Listed Building – Grade II
- Designated: 10 November 2004
- Reference no.: 83214

= Scoveston Fort =

Grade II listed building in Llanstadwell, Pembrokeshire, Wales

Scoveston Fort, on the northern shore of Milford Haven, Pembrokeshire, Wales, U.K., is a Grade II listed building which is part of a series of forts built as the inner line of defence of the Haven following the Royal Commission on the Defence of the United Kingdom.

== Location ==
Built on a low hill to the north-east of the town of Milford Haven on Llanstadwell parish, it stands some 600 m north-west of Little Honeyborough and approximately 1 km north-east of Waterston. It commands views of the surrounding countryside.

== Description ==

The fort is shaped as a very large hexagon — similar to Crownhill Fort at Plymouth —, of which each side is 120 m long. It is surrounded by a dry moat about 8 m deep and 11 m wide). (36-foot-wide escarpment The escarp walls are stone-revetted, the counterscarp is natural rock.

There is only one entry, on the south side. The fort was approached by a serpentine road to a wooden bridge, the latter now replaced by an earth causeway. The entry is a stone archway into a tunnel through a massive earth bank. The moat was covered by one double and four single two-storey caponnieres, each with 4-gun embrasures and musketry loopholes.
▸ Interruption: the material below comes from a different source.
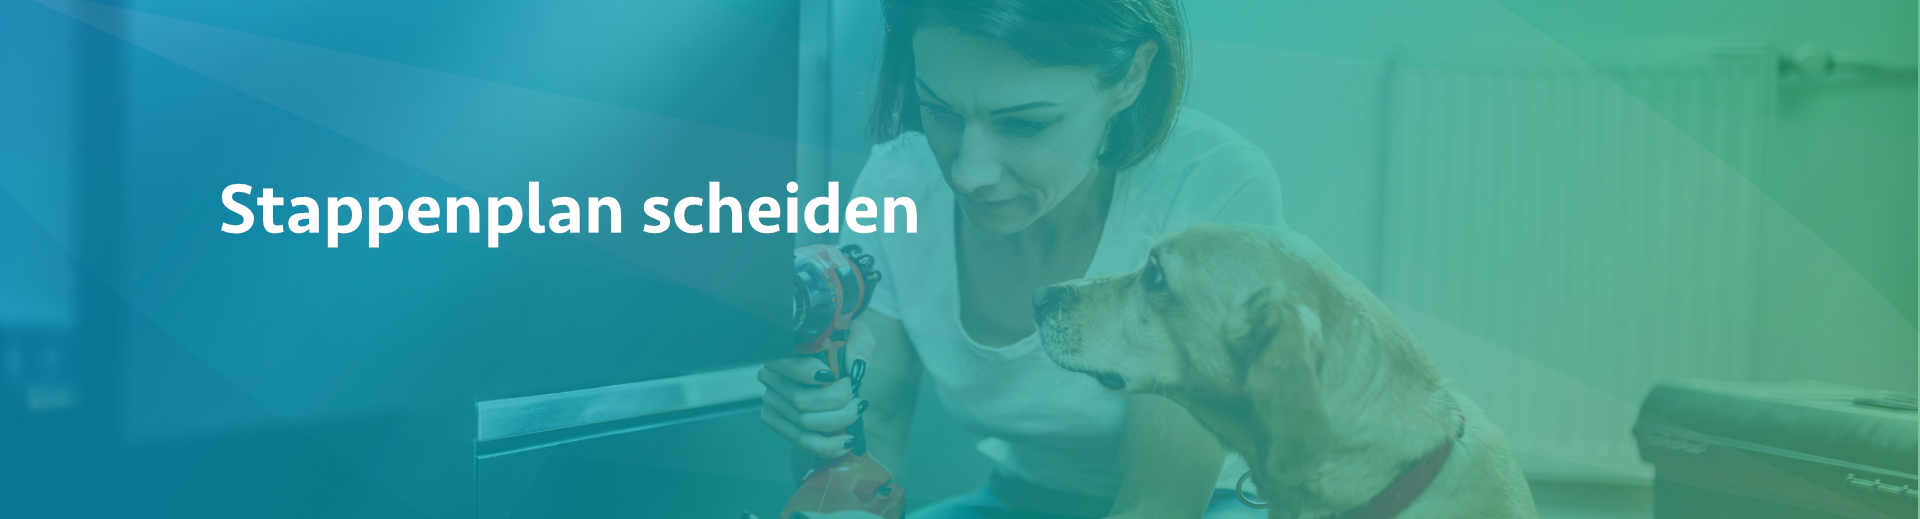 Stappenplan echtscheiding - Scheidingsplanner Hilversum - Bilthoven - Soest - Het Gooi

The fort was meant to have 32 guns placed on the ramparts, served by 12 expense magazines set into the traverses, each gun position protected from behind by earth. There was also an earth bank across the centre of the parade ground. Accommodation for a garrison of 128 men was in the five caponnieres and 12 barrel-vaulted bomb-proof casemates, designed as a series of limestone vaults fronted in brick with windows and doors on the south front (similar to barracks at Fort Hubberstone). The magazine was under the north-west rampart. Two barrel-vaulted underground chambers were served by a lighting and ventilation passageway that surround it. A large traverse was erected across the length of the interior parade ground. Entrance to the fort is via a drawbridge and a tunnel through a small gorge.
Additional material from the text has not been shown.